Threat: Insider Threat - Data Exfiltration

  • Threat: Insider Threat - Data Exfiltration

    • Description: A malicious or negligent insider with authorized access to the skills-service (e.g., a developer, administrator, or privileged user) intentionally or unintentionally exfiltrates sensitive skill data. This could involve copying data to external storage, sending it via email, or using other unauthorized channels.
    • Impact: Confidentiality breach; exposure of sensitive skill data, potentially leading to reputational damage, legal consequences, and compromise of individuals or systems.

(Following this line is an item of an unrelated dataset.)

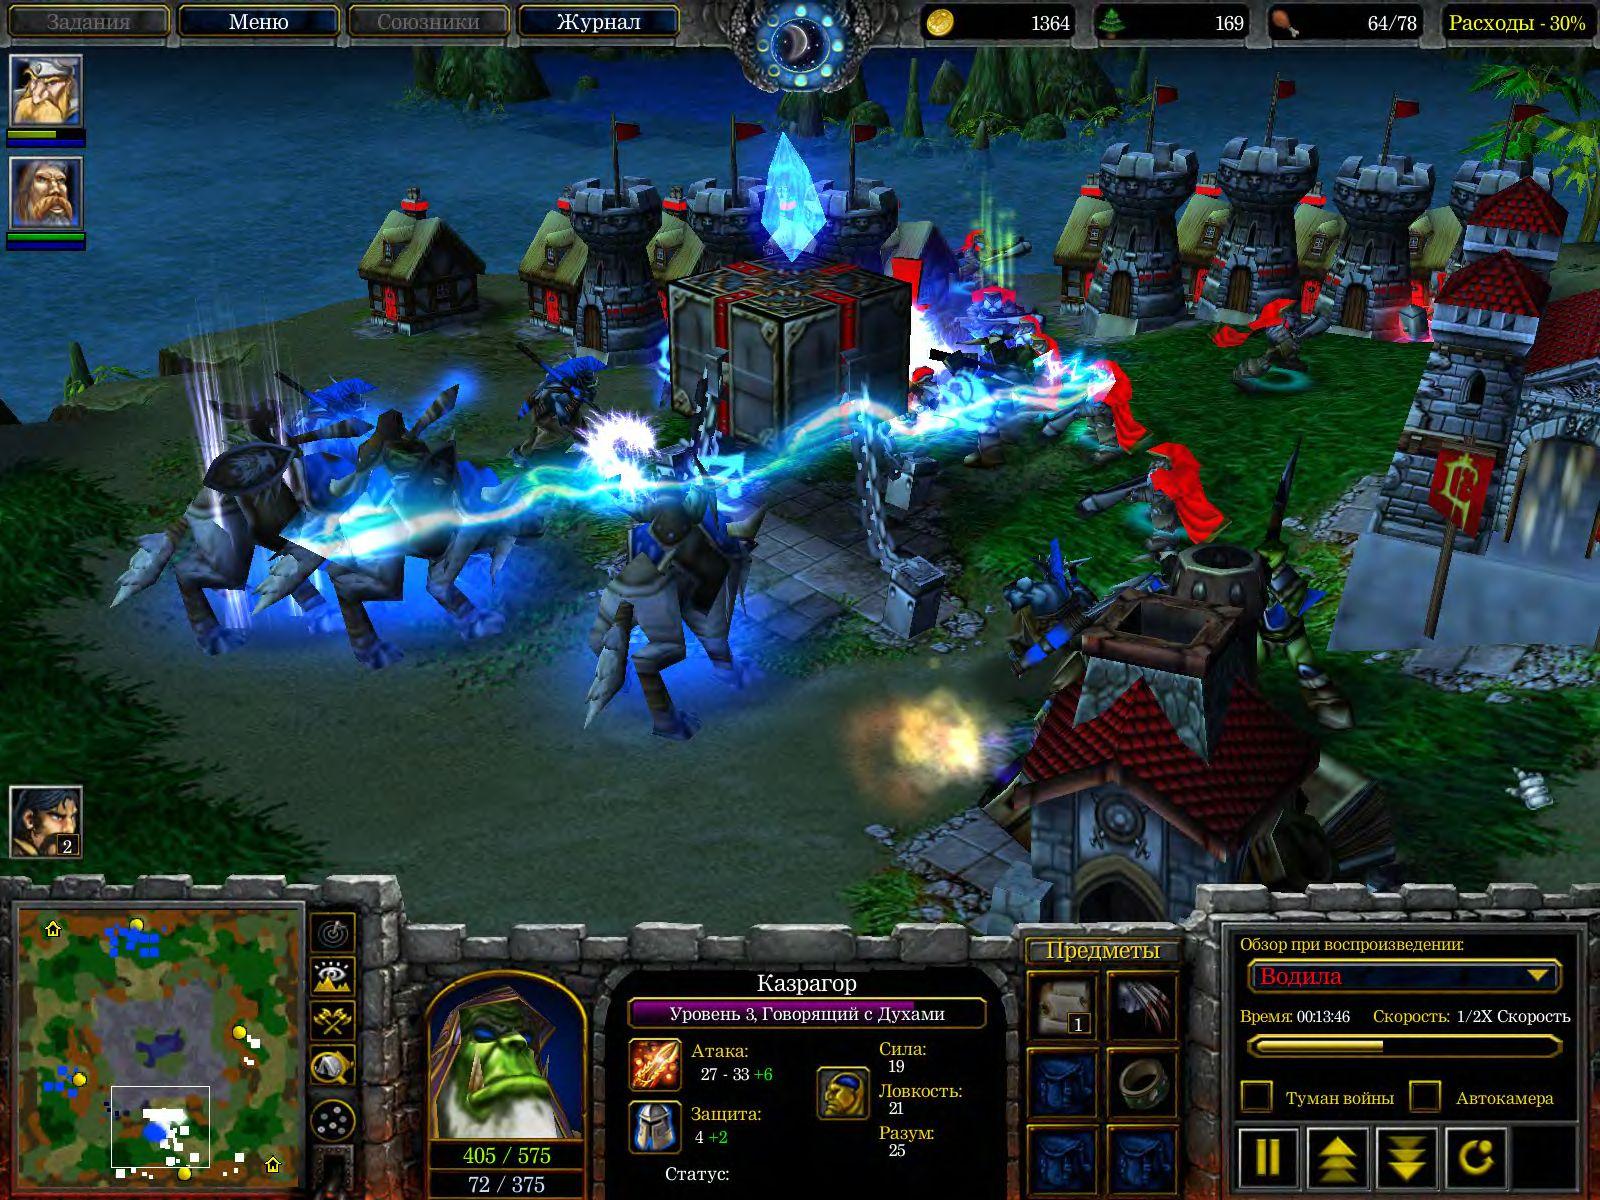 Сумерки богов 1. 8 warcraft 3 / модмейкинг xgm: extreme gamedev.

    • Affected Component: All components, as the insider has authorized access. This highlights the importance of access controls and monitoring.
    • Risk Severity: High
    • Mitigation Strategies:
      • Implement strong access controls (as above): Enforce the principle of least privilege and separation of duties.
      • Monitor user activity: Log all data access and modification events. Implement anomaly detection to identify suspicious behavior.
      • Data Loss Prevention (DLP) tools: Use DLP tools to detect and prevent unauthorized data exfiltration.
      • Background checks and security awareness training: Conduct background checks on personnel with access to sensitive data and provide regular security awareness training.
      • Establish clear policies and procedures: Define clear policies regarding data handling and access, and ensure that all personnel are aware of these policies.